Re: [CSV] The Feature Multiple-Character Delimiter

2020-05-12 Thread Gary Gregory
Hi,

May you give an example where more than one character is used as a
separator? Is there a database or known tool out there that uses such a
format?

WRT escaping I would think that \ escapes the one character that follows
only. It is up to the reader to decide what to do with an escape sequence.
Anyone else?

Gary

On Tue, May 12, 2020 at 7:42 AM Chen Guoping1 
wrote:

> Hi, all
>
>
>
>
> In CSV parsing, there are many scenarios where multiple characters are
> used as separators,
>
> To support this feature, we should change the char type of delimiter to
> String.

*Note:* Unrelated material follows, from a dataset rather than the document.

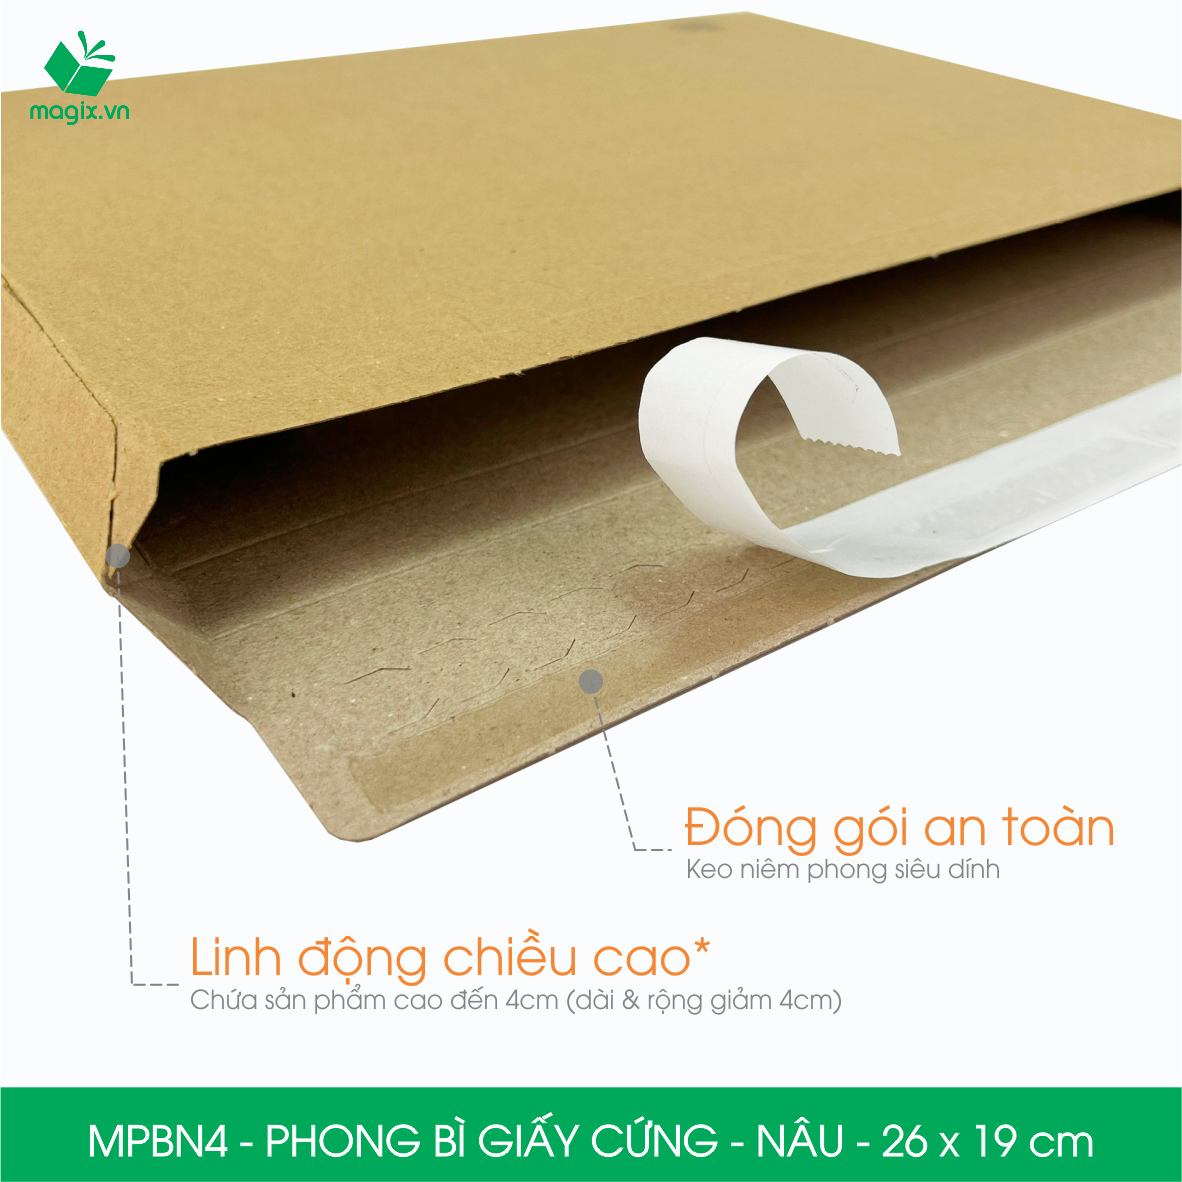 MPBN4 - 26x19 cm - Combo 20 phong bì giấy cứng đóng hàng màu nâu thay thế túi gói hàng

This will lead to
>
> API changes, and old usage code may need to be modified to pass.
>
>
>
>
> When parsing we can get the character array in advance through
> lookAhead(int n) in the
>
> ExtendedBufferedReader to determine whether it is a delimiter
>
>
>
>
> char[] lookAhead(int n) throws IOException {
>
> char[] buf = new char[n];
>
> super.mark(n);
>
> super.read(buf, 0, n);
>
> super.reset();
>
> return buf;
>
> }
>
>
>
>
> I have a little problem to confirm. The escape character is' \ ',  when
> delimiter is a char ','
> printWithEscape print '\,' , so when delimiter is multiple characters
> "[|]" printWithEscape
> print ’“\[\|\]” or print "\[|]"? I'd prefer to print "\[\|\]". Is there
> more any suggestion about
> this feature ?
>
>
> ——
> Chen Guoping
>
>
>
>
>
>
>
>